The tail of the records, from the line containing "Ibanez Rg550l Dy" through the final line, should be printed exactly and on its own.

Items from a data source:

-.-.-

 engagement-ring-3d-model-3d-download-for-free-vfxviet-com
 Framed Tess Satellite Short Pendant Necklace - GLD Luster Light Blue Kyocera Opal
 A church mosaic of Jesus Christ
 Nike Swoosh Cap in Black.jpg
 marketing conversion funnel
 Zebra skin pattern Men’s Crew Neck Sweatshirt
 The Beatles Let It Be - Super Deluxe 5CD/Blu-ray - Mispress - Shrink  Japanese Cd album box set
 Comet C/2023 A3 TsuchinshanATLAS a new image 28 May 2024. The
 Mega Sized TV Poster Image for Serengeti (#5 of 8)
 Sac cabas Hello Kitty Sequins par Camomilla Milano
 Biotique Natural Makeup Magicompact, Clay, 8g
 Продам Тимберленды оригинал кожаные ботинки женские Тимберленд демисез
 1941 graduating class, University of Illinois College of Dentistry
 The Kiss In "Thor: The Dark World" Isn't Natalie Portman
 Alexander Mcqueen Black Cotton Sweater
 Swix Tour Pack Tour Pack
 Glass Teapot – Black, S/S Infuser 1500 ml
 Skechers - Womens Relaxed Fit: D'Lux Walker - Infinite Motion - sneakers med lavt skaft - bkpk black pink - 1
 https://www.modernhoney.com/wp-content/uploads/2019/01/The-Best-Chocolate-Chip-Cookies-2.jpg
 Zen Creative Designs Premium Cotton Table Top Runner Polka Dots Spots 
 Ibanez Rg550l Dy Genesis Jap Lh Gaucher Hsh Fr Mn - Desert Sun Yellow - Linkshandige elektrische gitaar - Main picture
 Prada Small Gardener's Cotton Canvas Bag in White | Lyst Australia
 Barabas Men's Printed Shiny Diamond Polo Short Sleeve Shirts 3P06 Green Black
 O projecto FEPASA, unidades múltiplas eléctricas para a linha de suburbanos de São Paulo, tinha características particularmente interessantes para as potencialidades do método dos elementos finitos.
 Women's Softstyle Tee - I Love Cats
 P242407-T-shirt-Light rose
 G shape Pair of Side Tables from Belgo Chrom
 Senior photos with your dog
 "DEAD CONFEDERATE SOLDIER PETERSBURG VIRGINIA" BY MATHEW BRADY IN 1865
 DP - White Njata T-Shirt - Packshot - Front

-.-.-

Exercise solution:
 Ibanez Rg550l Dy Genesis Jap Lh Gaucher Hsh Fr Mn - Desert Sun Yellow - Linkshandige elektrische gitaar - Main picture
 Prada Small Gardener's Cotton Canvas Bag in White | Lyst Australia
 Barabas Men's Printed Shiny Diamond Polo Short Sleeve Shirts 3P06 Green Black
 O projecto FEPASA, unidades múltiplas eléctricas para a linha de suburbanos de São Paulo, tinha características particularmente interessantes para as potencialidades do método dos elementos finitos.
 Women's Softstyle Tee - I Love Cats
 P242407-T-shirt-Light rose
 G shape Pair of Side Tables from Belgo Chrom
 Senior photos with your dog
 "DEAD CONFEDERATE SOLDIER PETERSBURG VIRGINIA" BY MATHEW BRADY IN 1865
 DP - White Njata T-Shirt - Packshot - Front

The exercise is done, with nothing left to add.